To start with, my art suddenly presents me with an interesting dilemma. Most everyone who knows me knows how I've been trying to add some environmental friendliness and social justice to my family's lifestyle. I've been very careful of what is made of petroleum & reducing our consumption of it. Then, suddenly, I found my muse (whose been on a yearlong furlough) out in my garden. As I followed her back inside to my studio (I always feel somewhat an imposter saying that), I took a good look around, and an idea struck me like lead. An artist's arsenal of tools & potions contains quite a lot of petroleum and/or chemical solvents. I have brushes with artificial (read: petroleum-based) bristles, foam brushes with plastic handles, acrylic paints, oil pastels, watercolors (with plasticizers), acrylic mediums, plastic palettes... and the list marches on. Does this mean I must sacrifice my art at the altar of petroleum reduction?
I've also been following the blog of No Impact Man, a guy (in NYC) who is trying to live for one year reducing his (and his wife & toddler's) consumption to zero net impact on the earth. He has lots of support and admiration (including mine), but he's taking a heaping helping of criticism to go along with it (including mine). He wants no impact that is directly linked to him, so why can his maid still use a car and a vacuum but he feels it necessary to shun the subway? There are a million questions just like those that can (and have or will) be asked of this project. It's interesting to me to see his justifications for certain choices.

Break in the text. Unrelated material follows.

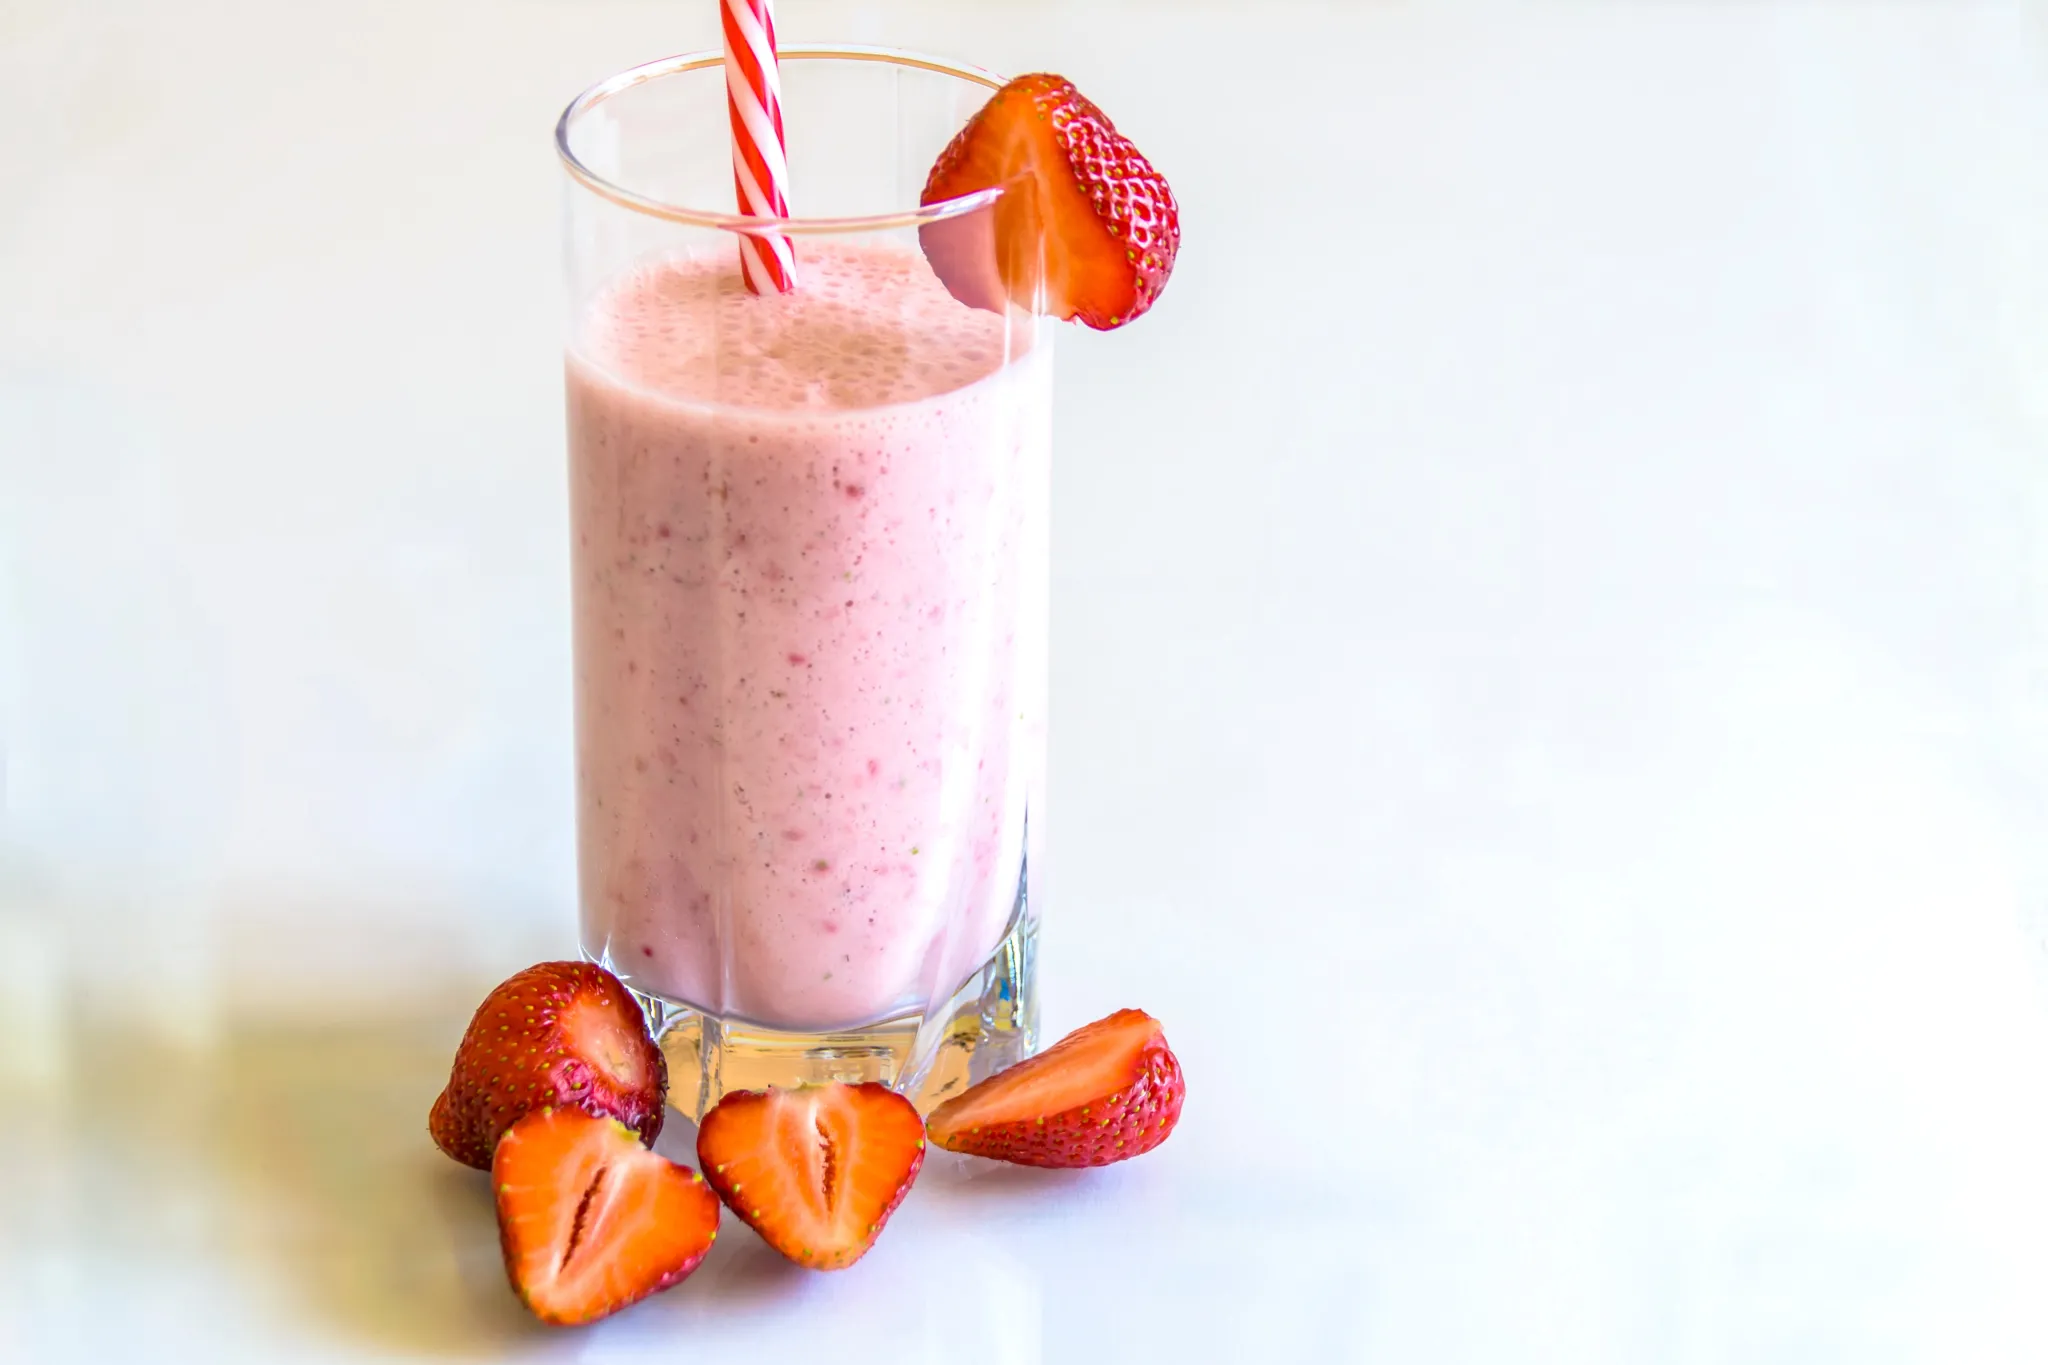 Delicious Strawberry Banana Milkshake Recipe Without Ice Cream – Easy and Healthy

It's all a trade-off, you see. Paper or plastic? Local or organic? Personal health or environmental good? Environmentally friendly or socially just? Do I give my business to a company that unnecessarily tests on animals but that harbors an environment of racial or sexual discrimination? Do I get my gas from an oil company that has paid money to people who have killed local dissenters in a startling and exceptionally suspicious chain of events, or do I go to one that has created more environmental disasters (and refused to answer for them) than I can count on both hands?
At the end of the day, every decision we make is a choice between it and at least one alternative, whether it's a conscious decision or not. I'm just hoping that by the time I reach the end of days, my scales will be tipped a little more toward the side of, "I made the world a better place even if I used petroleum products in my artwork."